▶ Exercise data:
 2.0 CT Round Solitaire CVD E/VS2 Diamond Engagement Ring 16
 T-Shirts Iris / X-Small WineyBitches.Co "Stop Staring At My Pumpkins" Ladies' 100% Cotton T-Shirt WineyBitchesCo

---

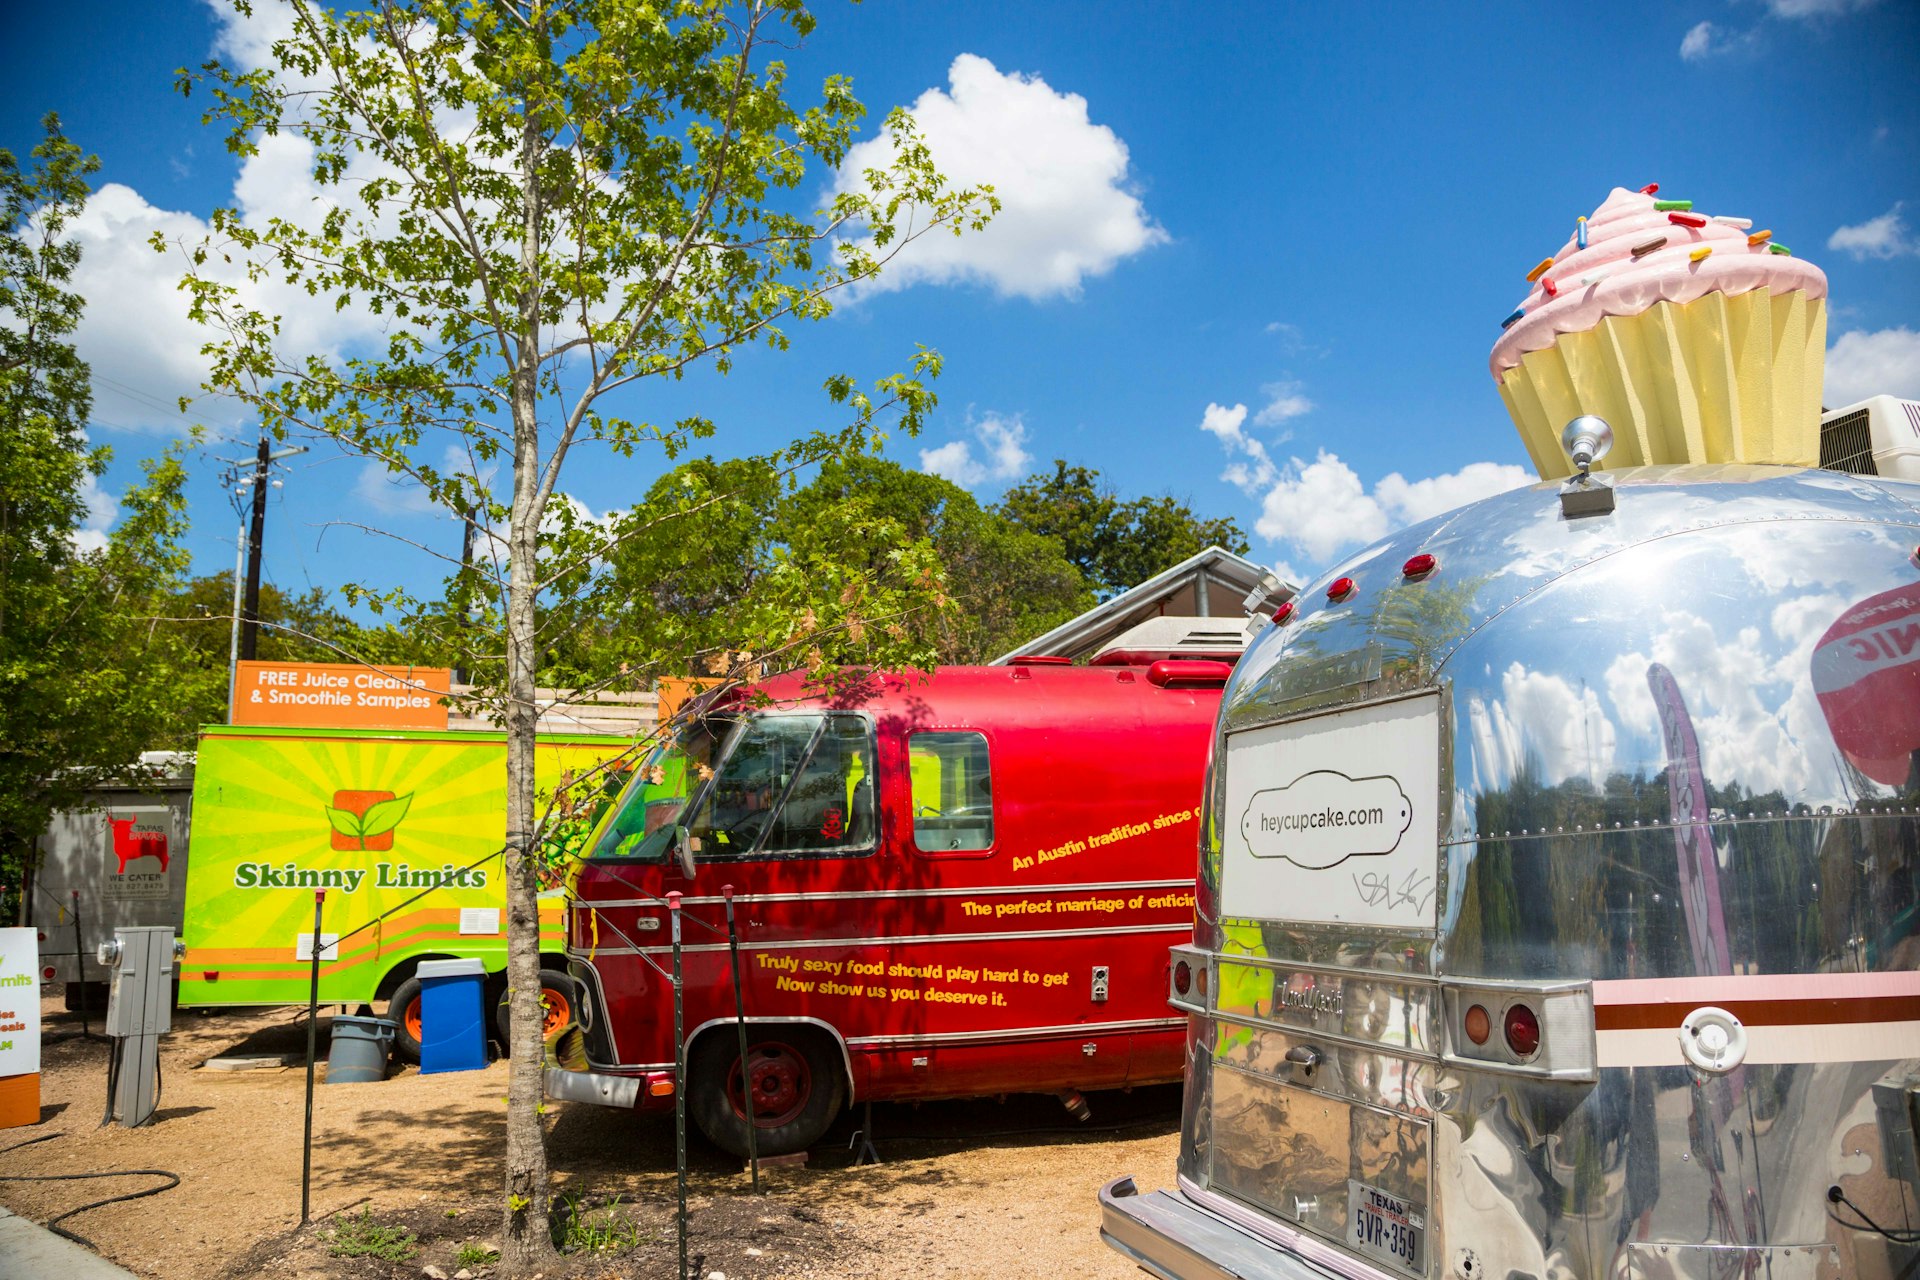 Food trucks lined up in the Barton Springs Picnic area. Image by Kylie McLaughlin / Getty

* * *

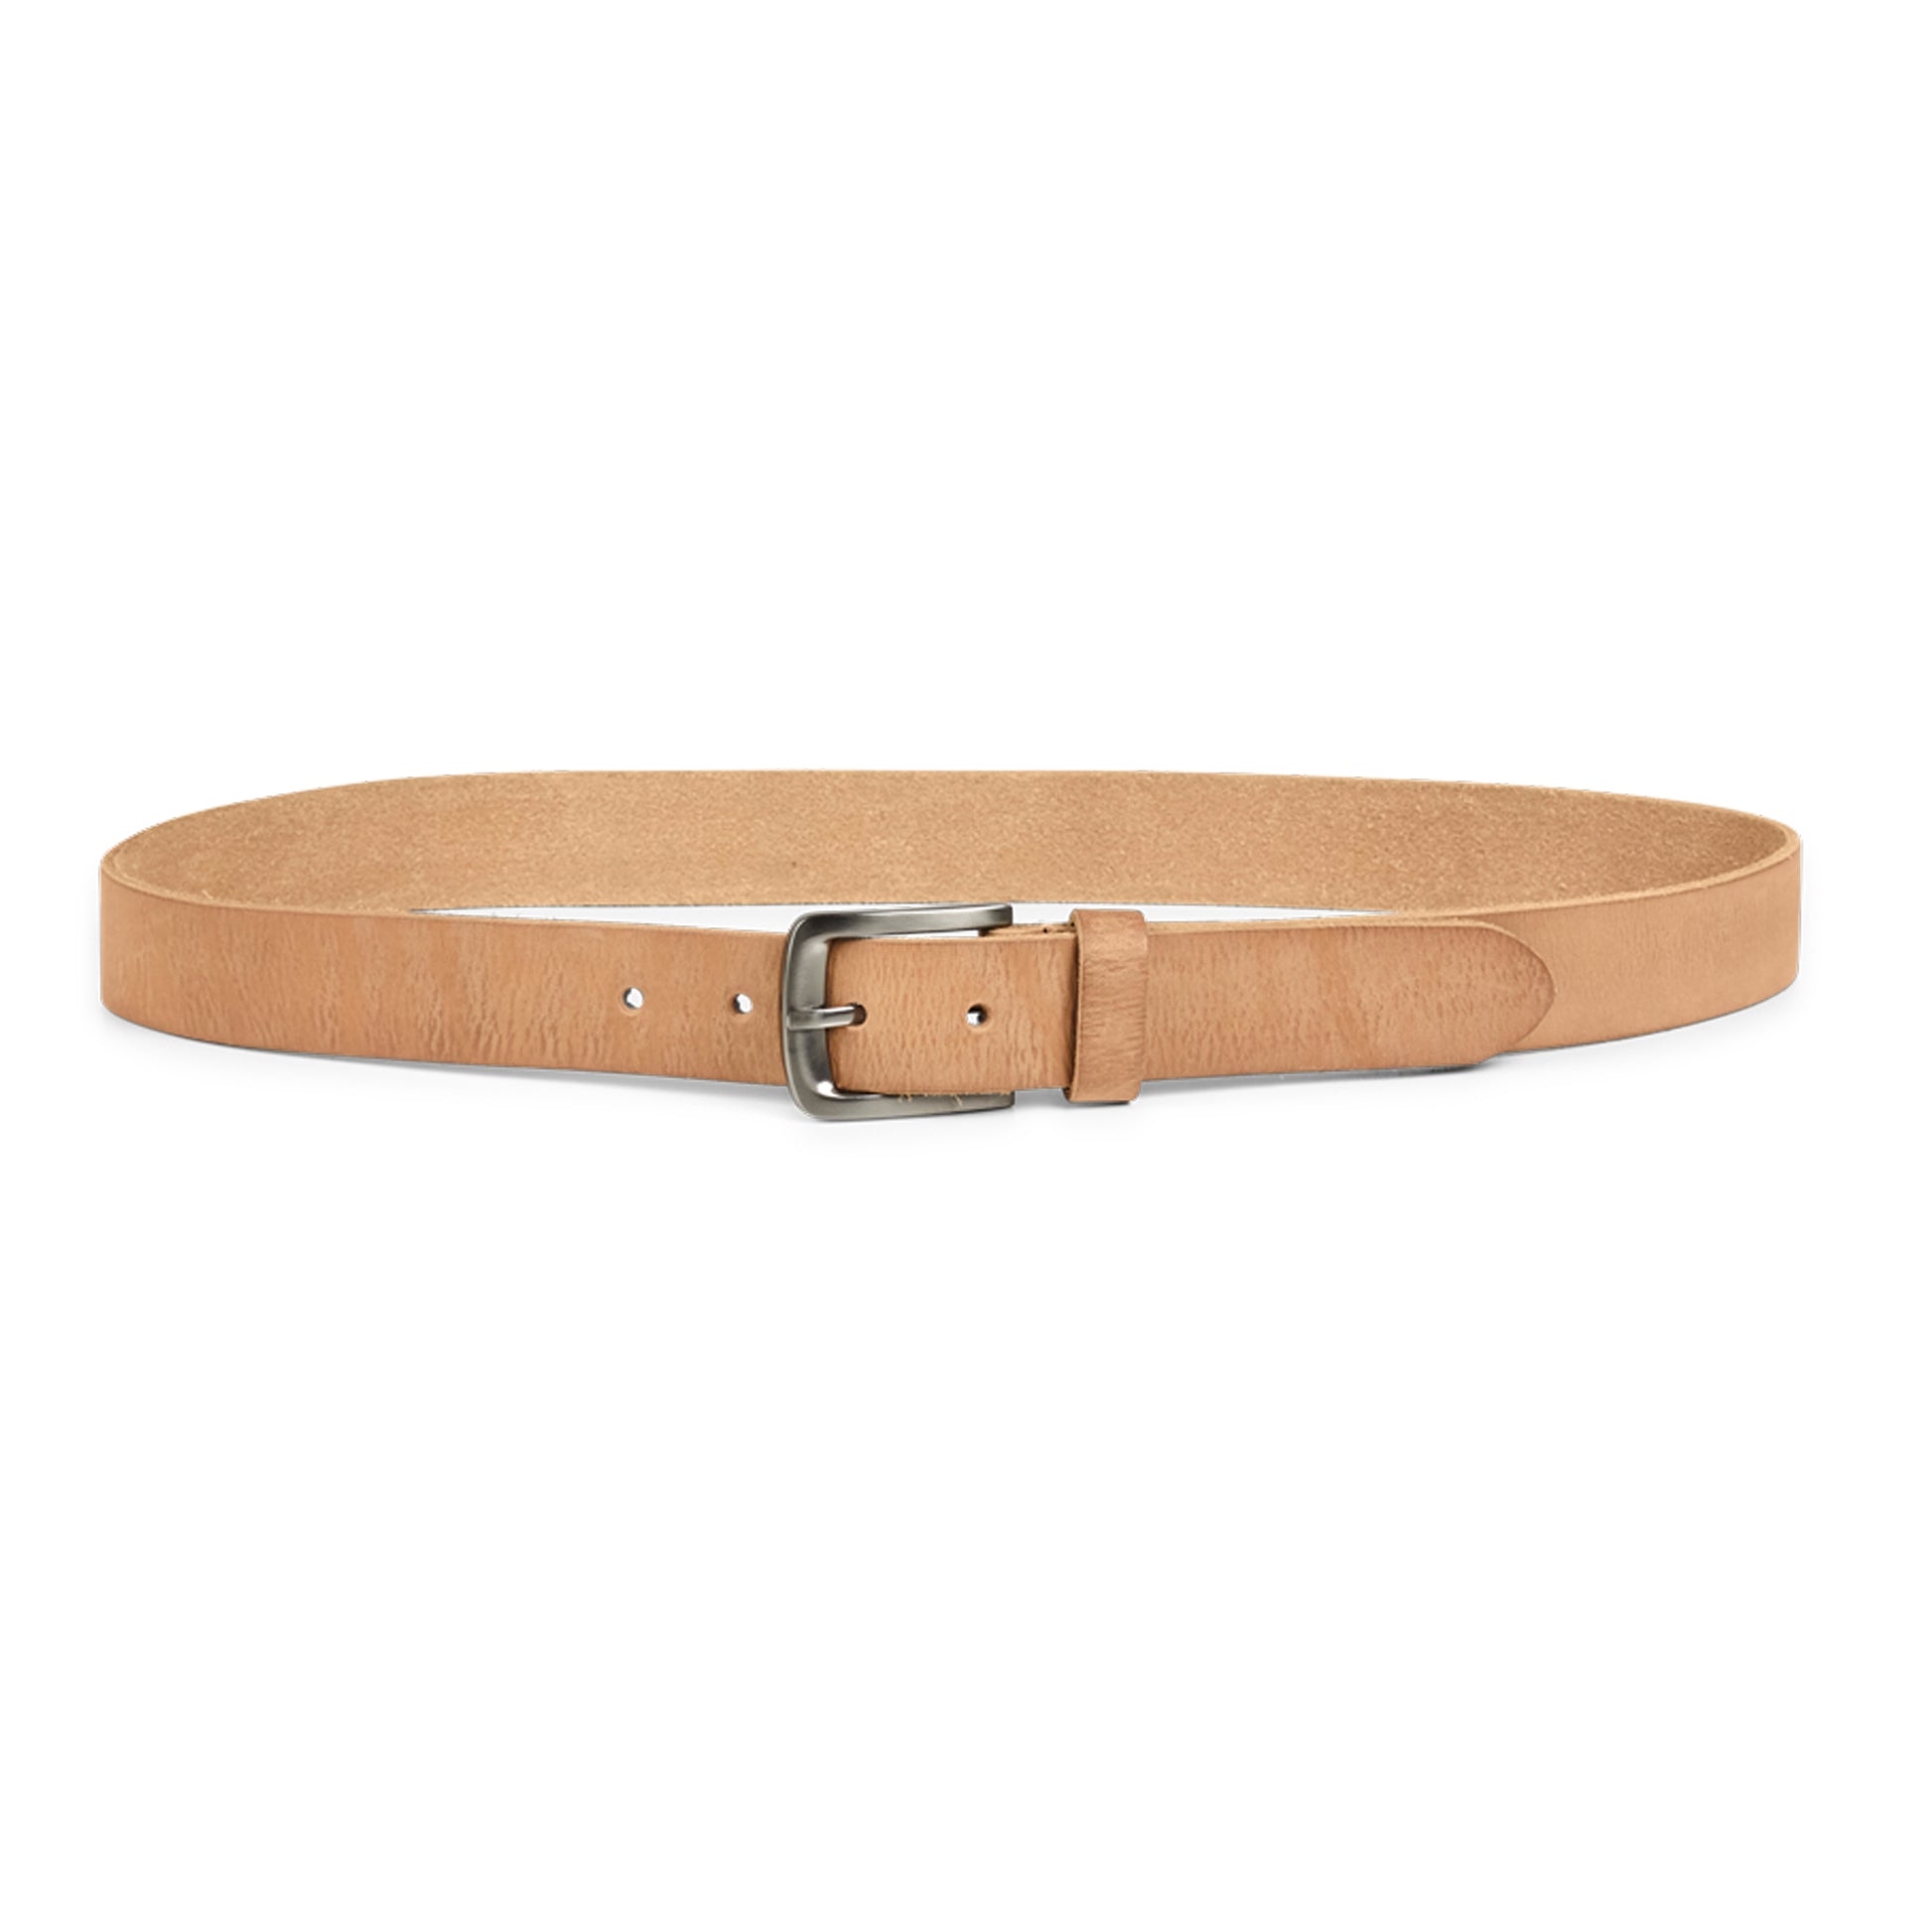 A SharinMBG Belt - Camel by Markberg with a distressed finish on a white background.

▶ What is needed:
Which lines above run from the one containing "2.0 CT Round" to the one containing "T-Shirts Iris /"? Give them again exactly, both ends included.

▶ Answer below:
 2.0 CT Round Solitaire CVD E/VS2 Diamond Engagement Ring 16
 T-Shirts Iris / X-Small WineyBitches.Co "Stop Staring At My Pumpkins" Ladies' 100% Cotton T-Shirt WineyBitchesCo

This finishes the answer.